| WHAT IS EXPECTED |
Exactly as written, please repeat the data that follows, but not the pictures.

| INFORMATION SUPPLIED |
::::

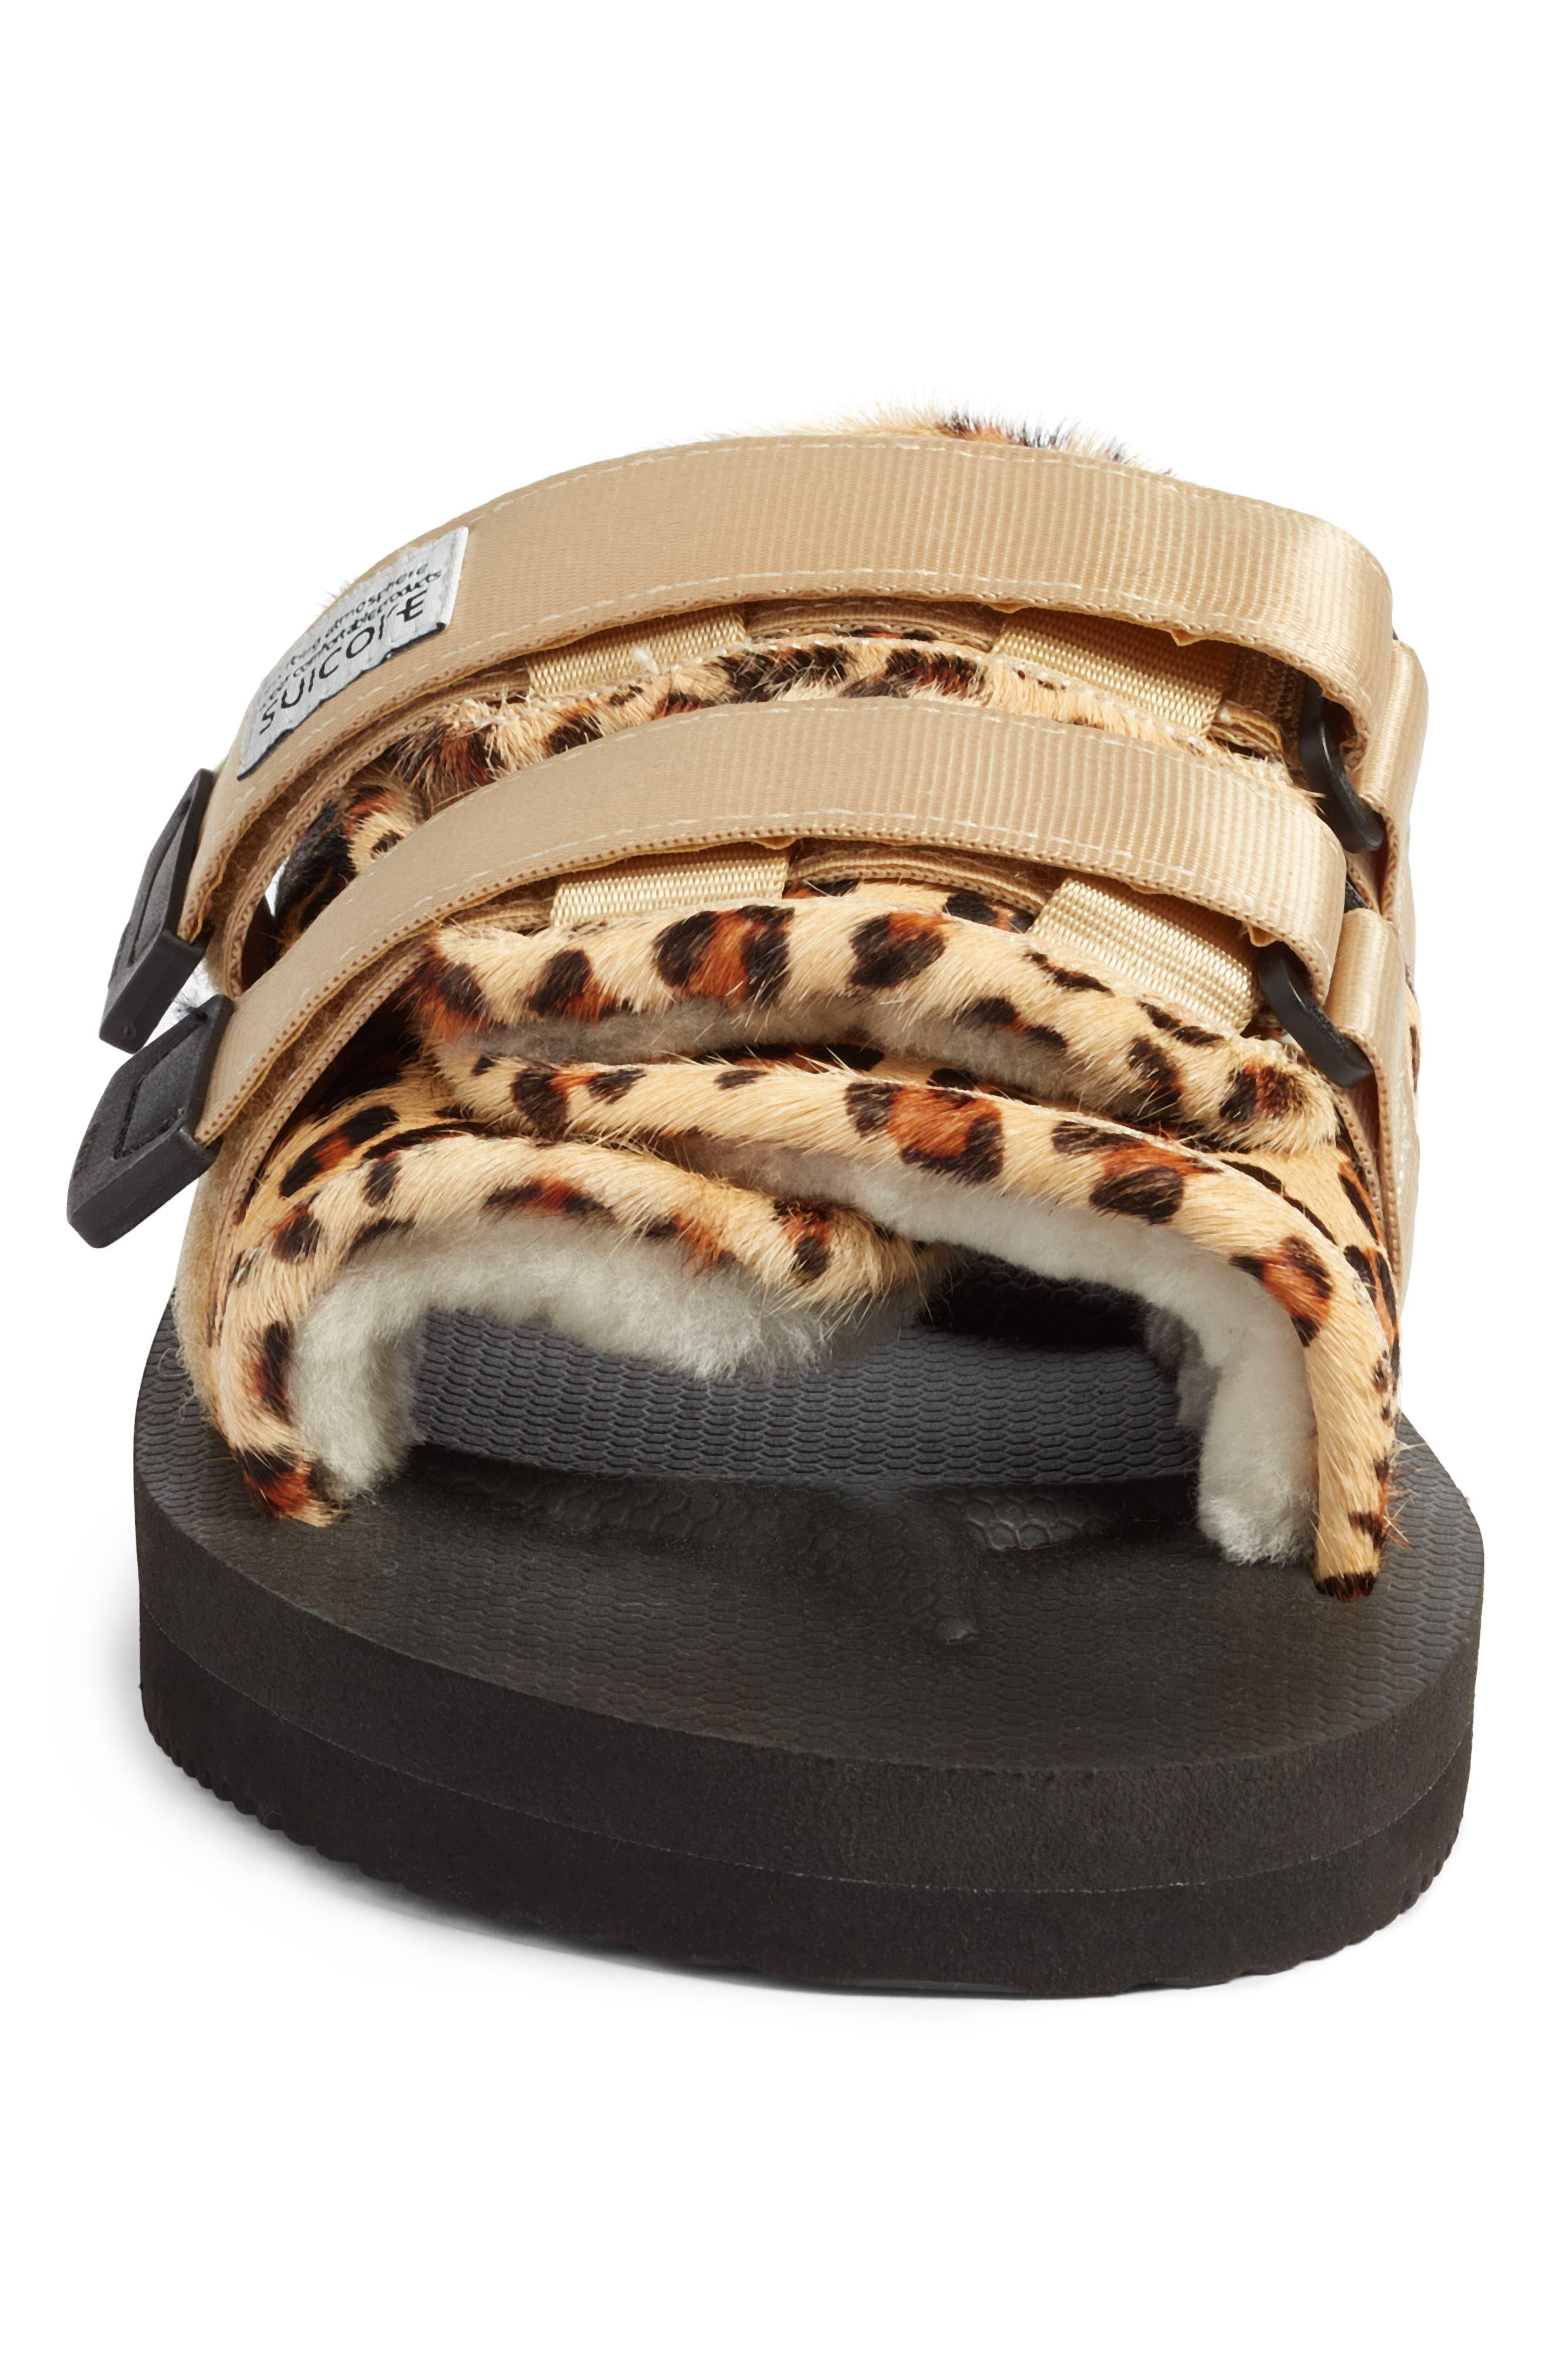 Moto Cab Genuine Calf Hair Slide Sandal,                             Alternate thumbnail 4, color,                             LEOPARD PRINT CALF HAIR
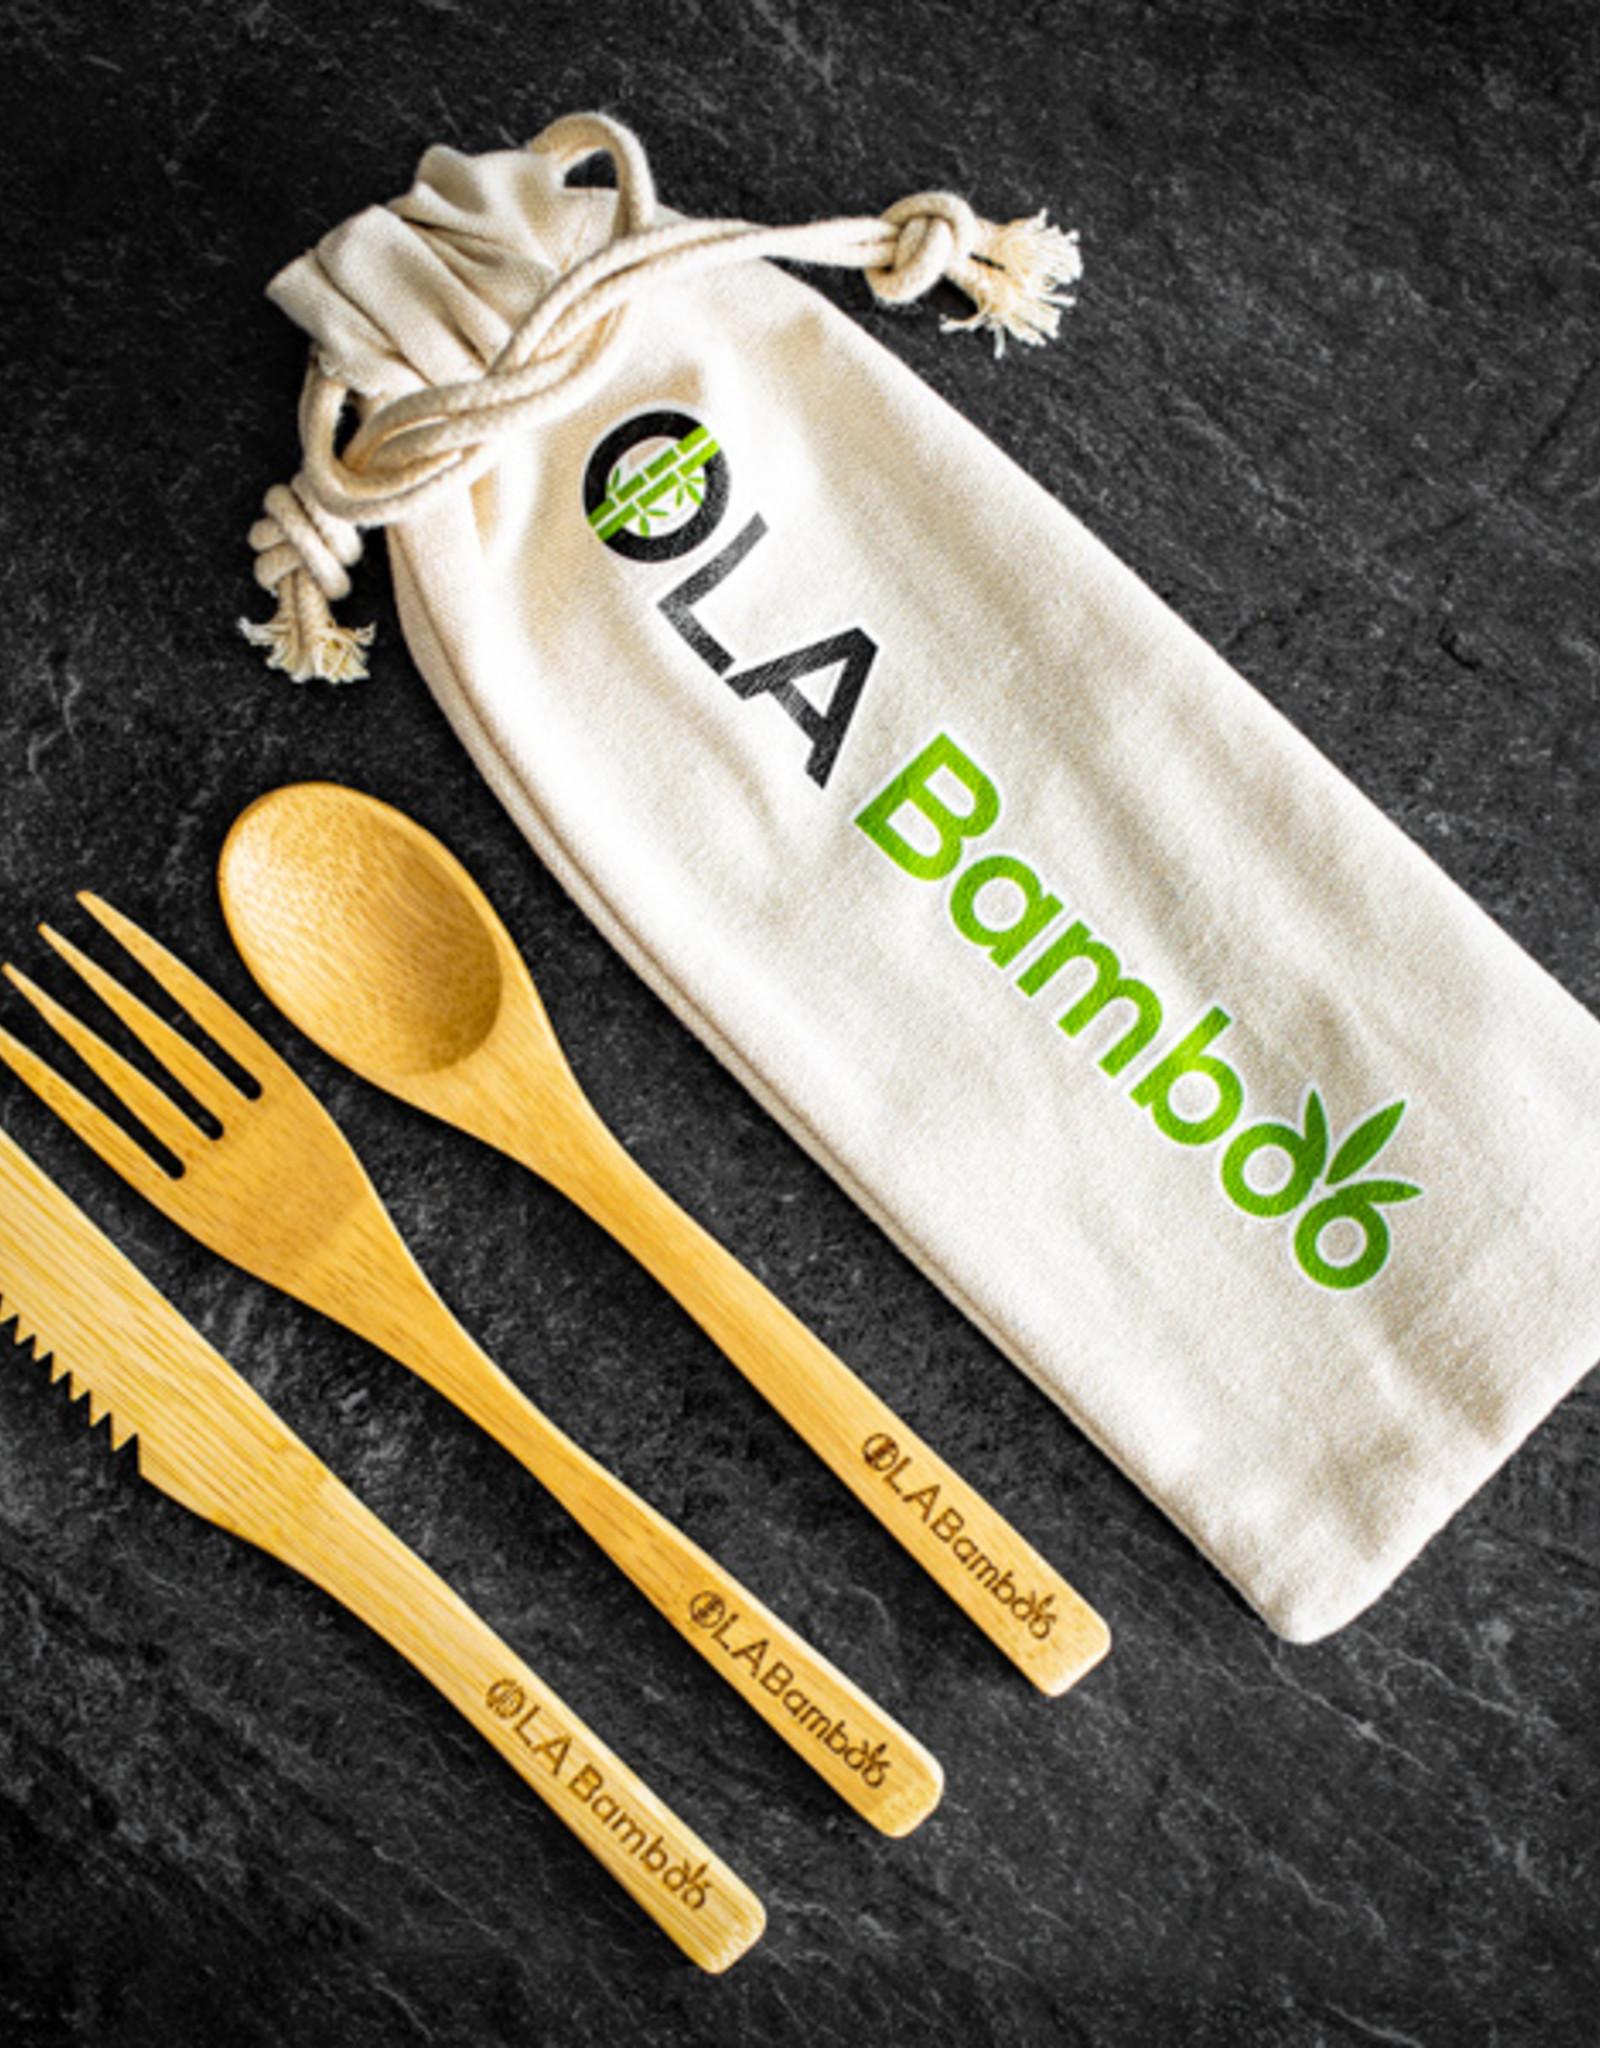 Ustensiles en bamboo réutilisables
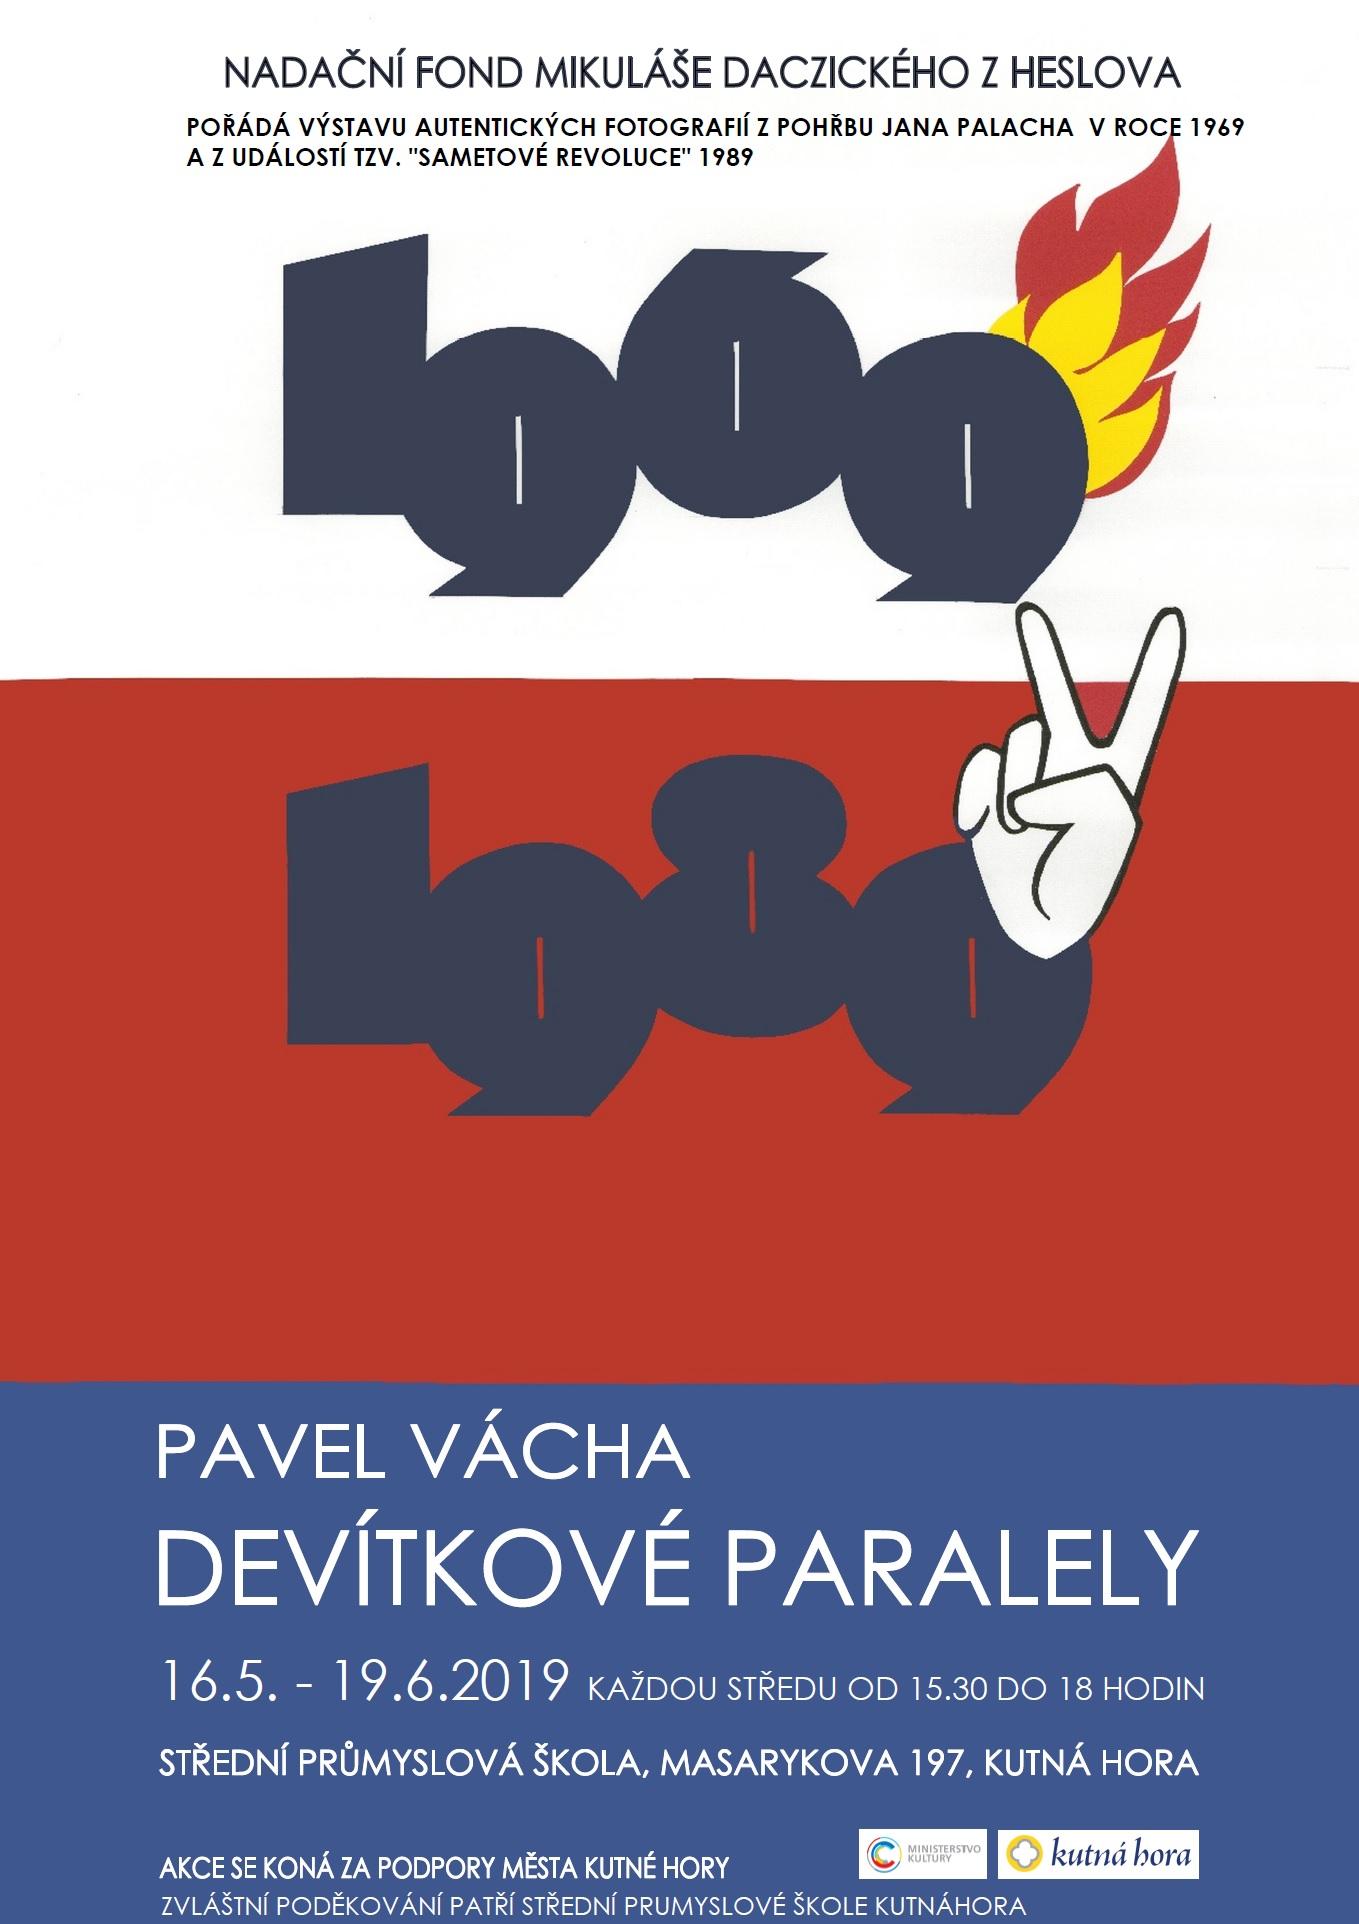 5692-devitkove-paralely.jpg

::::

| EXERCISE ANSWER |
 Moto Cab Genuine Calf Hair Slide Sandal,                             Alternate thumbnail 4, color,                             LEOPARD PRINT CALF HAIR
 Ustensiles en bamboo réutilisables
 5692-devitkove-paralely.jpg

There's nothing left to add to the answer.